Now you take the power spectrum of the damped harmonic time series. Again, for plotting ease, save as pow_damp1, etc.

Test out what happens if you don't use 'abs'. What data type do you get?

1e. Plot them!¶

Notice the trend between the width of the peak in the power spectrum, and the strength of the damping factor.

2. Problem 2: Same idea, using Stingray!¶

Now that you see the math behind the power spectrum, let's start using the spectral-timing library Stingray. Pull up the documentation to help you along.

2a. Make a simple Lightcurve object from oscill.¶

Look at the warnings! You already know your timestep dt and you know that you lightcurve is sorted (time always increases from lower indices to higher indices), so you can skip those checks here. Look at the Stingray documentation to see how to set these parameters.

2b. Try making a power spectrum of that lightcurve using Powerspectrum.¶

Ok, you probably see a ValueError above. Let's rethink this.

The difference between our previous rough-and-tumble power spectrum (squaring the absolute value of the Fourier transform) and Stingray's Powerspectrum is that Stingray expects its data to be photon counts. Our sample data goes negative (since we were doing a simple case of deviations from a mean value of 0), but Stingray knows that you can't detect negative photons!

2c. Getting the sample data in the right format for Stingray¶

So, to make our data fit Stingray's expectation, multiply our light curve oscill by a scaling factor and add a mean photon count rate value to that scaled light curve (anywhere from 100 to 1000 is a reasonable X-ray photon counts/second). Since Stingray expects the count rate as counts per time bin (not counts per second - pay attention to units!), the counts must be an integers. Hint: np.rint can be a helpful method.

Plot .time vs .counts

2d. Now make a power spectrum of that light curve using Stingray¶

(redoing 2b, this time without an error)

2d.i. Do the same 2a-2d for damp1 through damp4, making a scaled light curve and power spectrum.¶

Call them lc1, ps1, lc2, ps2, etc.

Plot the power spectra! No need to compute the Nyquist frequency like we did in problem 1, since Stingray's default is only to keep and plot the positive Fourier frequencies.

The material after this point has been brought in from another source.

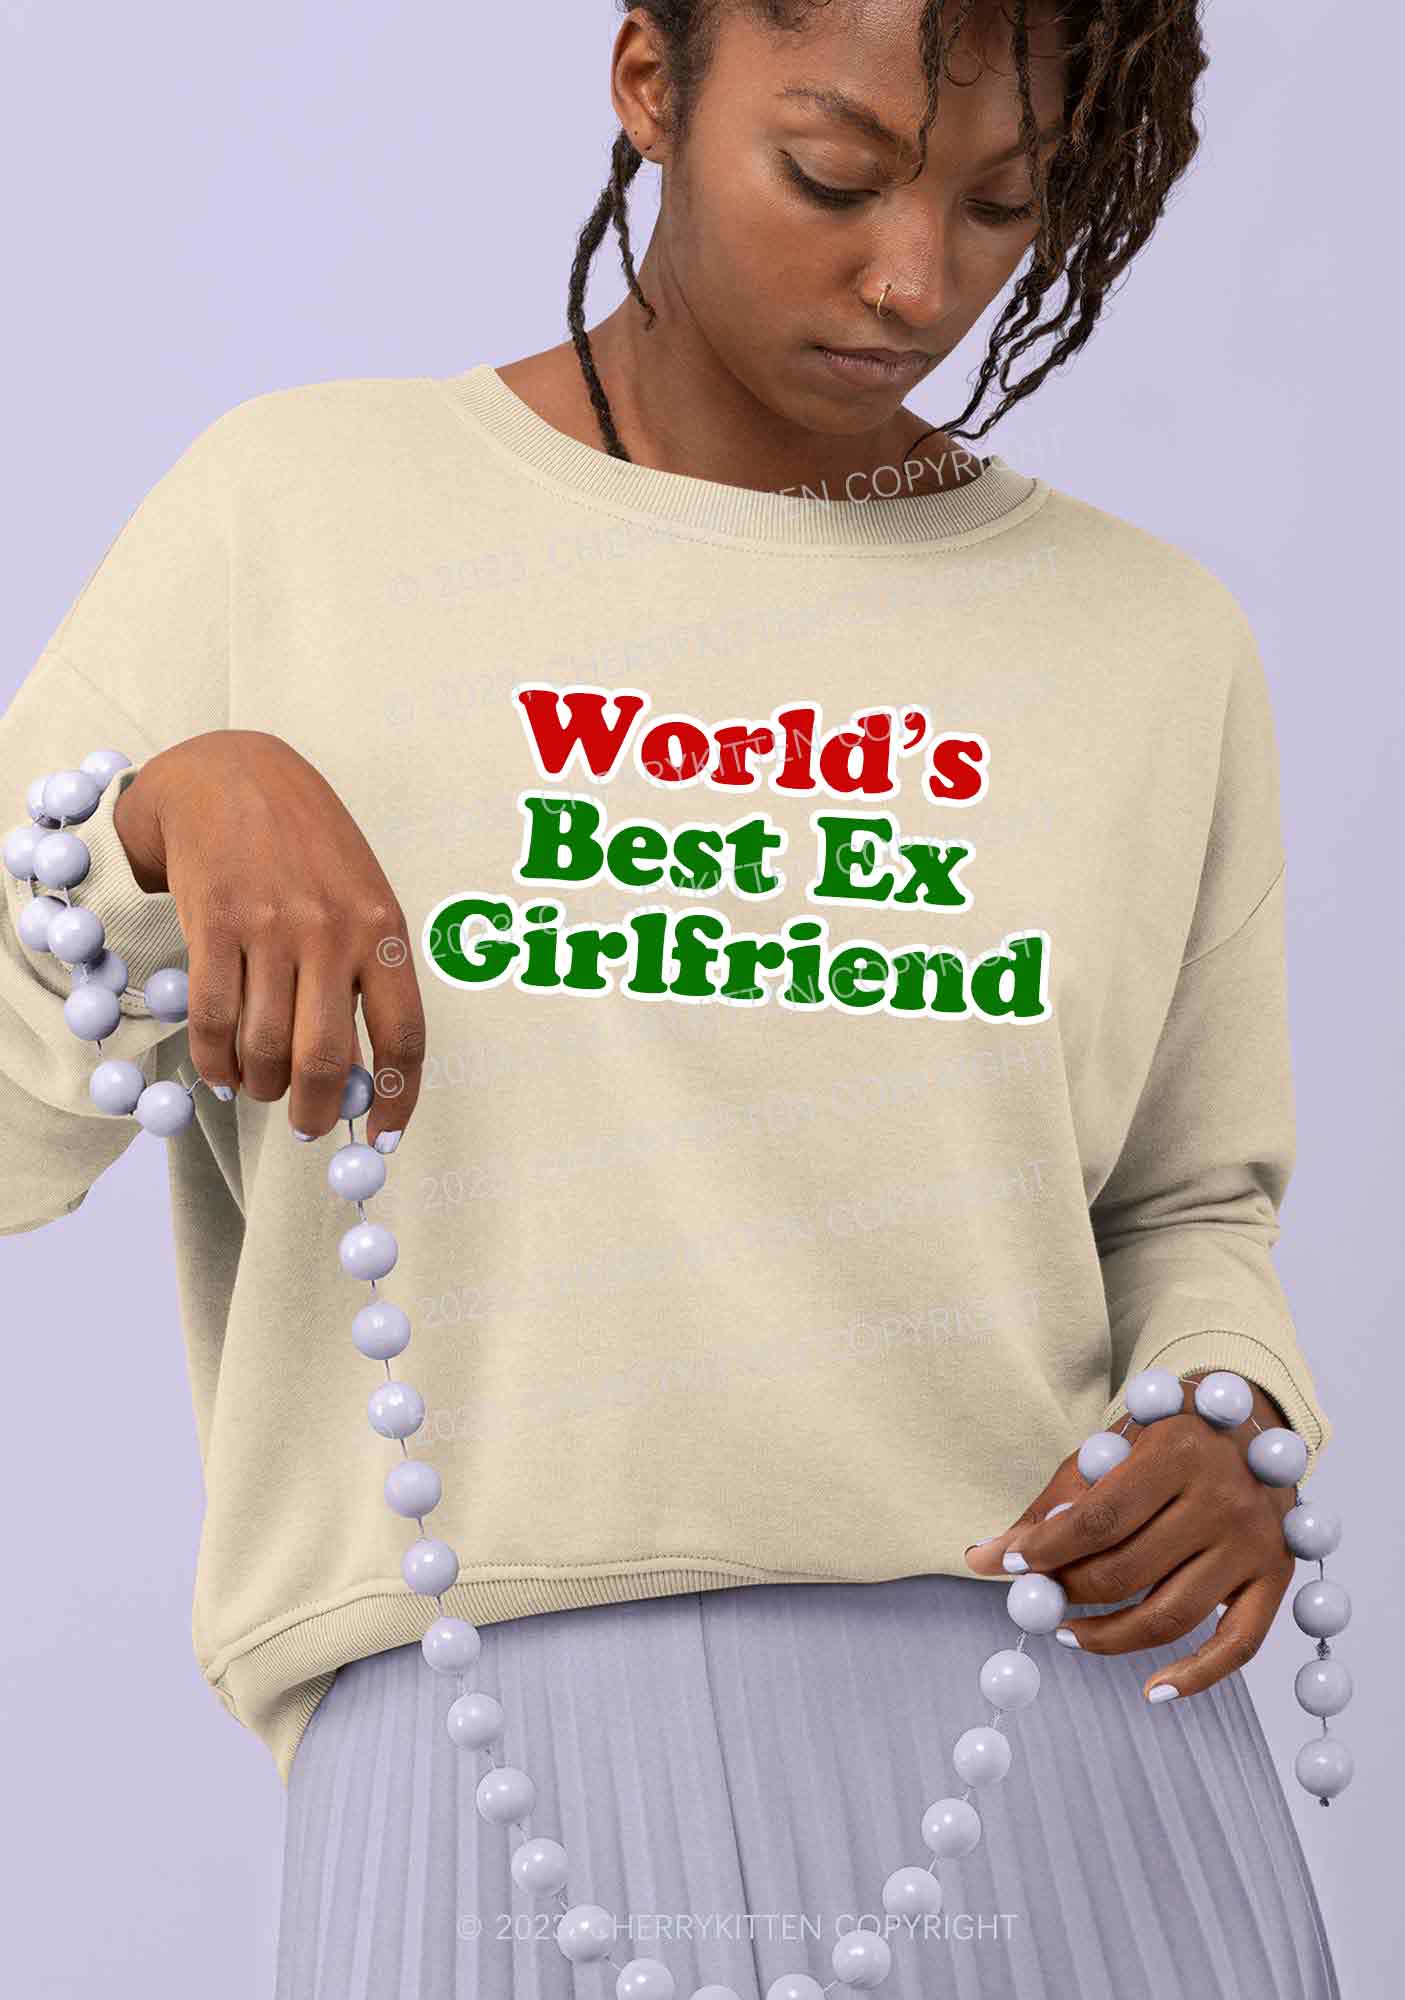 Best Ex Girlfriend Christmas Y2K Sweatshirt Cherrykitten

Remember, the reason we are plotting right around 1 Hz is because we defined the time series to have that frequency. With real data, you don't want to zoom in your plots like that initially.

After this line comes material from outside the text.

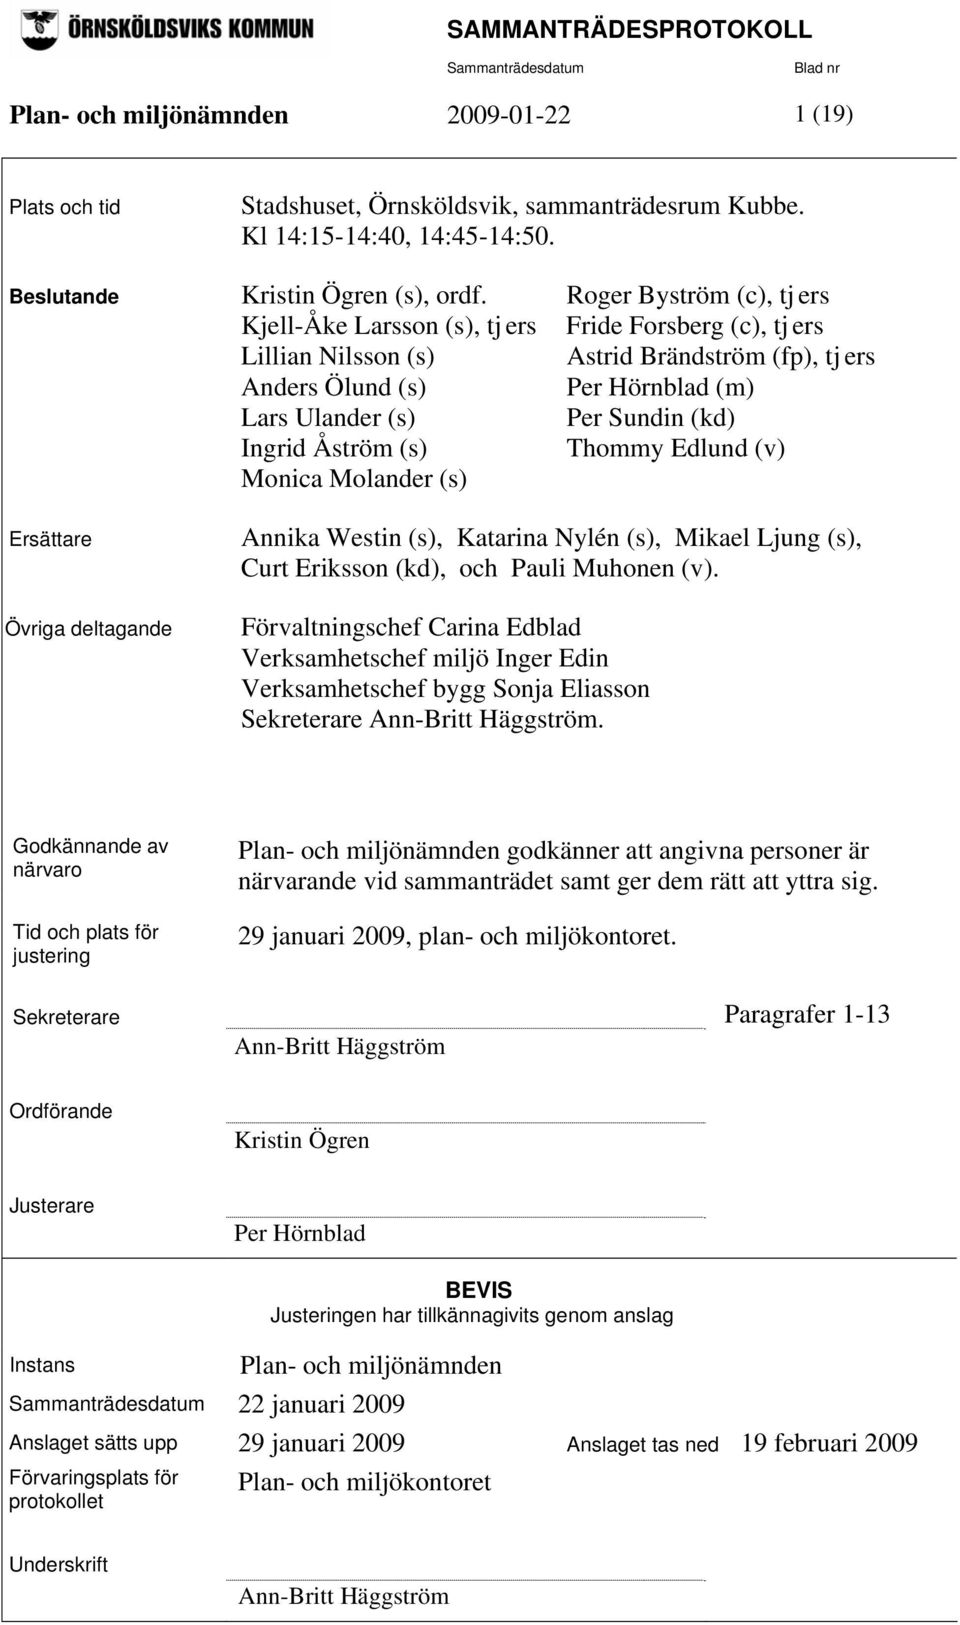 (kd) Ingrid Åström (s) Thommy Edlund (v) Monica Molander (s) Ersättare Övriga deltagande Annika Westin (s), Katarina Nylén (s), Mikael Ljung (s), Curt Eriksson (kd), och Pauli Muhonen (v).

Problem 3: Analyzing NICER data of the black hole X-ray binary MAXI J1535-571¶

Import it with astropy tables from the fits file "J1535_evt.fits", and call it j1535.

The data have come to us as an 'event list', meaning that it's a list of the time at which a photon was detected (in seconds, in spacecraft clock time) and the energy of the photon (a detector channel integer; channel/100=photon energy in keV).

3a. Turn this list of photons into an evenly-spaced light curve¶

3a.i.¶

First, clean it up a little by only keeping photons with energies greater than 1 keV and less than 12 keV, using array masking.

Printing the lengths to show how many events were removed with this filter.

3a.ii.¶

Use Stingray's method Lightcurve.make_lightcurve to turn this event list into a light curve with evenly spaced time bins and photon counts per bin. Pick a light curve time resolution of dt=1/8seconds to start with.

These things might take a second; you're using half a million time bins in your light curve! I sometimes check the min and max of a light curve, to be sure that there wasn't an error.

3b. Let's try taking the power spectrum of it.¶

Plot it!

It's ugly! But more importantly, you can't get useful science out of it.

What's going on?¶

1. There are gaps in the light curve (see below) due to the orbit of the spacecraft (and occasionally stuff gets in the way). This has the effect of inserting top-hat windows into our function, which give the lumpy bumps at ~0.25 Hz. So, we need to break the light curve up into shorter segments that won't have weird drop-outs.
2. There is a giant DC component at $\nu=0$. This is not astrophysical in origin, but from the mean of the light curve.
3. Power spectra are often plotted on log-log scales, but the power gets really noisy and 'scattery' at higher frequencies.
4. The eagle-eyed observer will notice that we can only go up to a Nyquist frequency of 4 Hz. There are interesting astrophysical signals above 4 Hz, but if we did smaller dt with keeping the very long segment length, we'd have >1 million time bins, which can be asking a lot of a laptop processor.

3c. Segments!¶

3c.i. GTIs¶

Sometimes, the detector is on and recording photons, but it's pointed too close to the Earth, or a structure on the spacecraft is occulting part of the view, or the instrument is moving through a zone of high particle background, or other things. The times when these things happen are recorded, and in data reduction you make a list of Good Time Intervals, or GTIs, which is when you can use good science data. I made a list of GTIs for this data file that are longer than 4 seconds long, which you can read in from "J1535_gti.fits", and call it gti_tab.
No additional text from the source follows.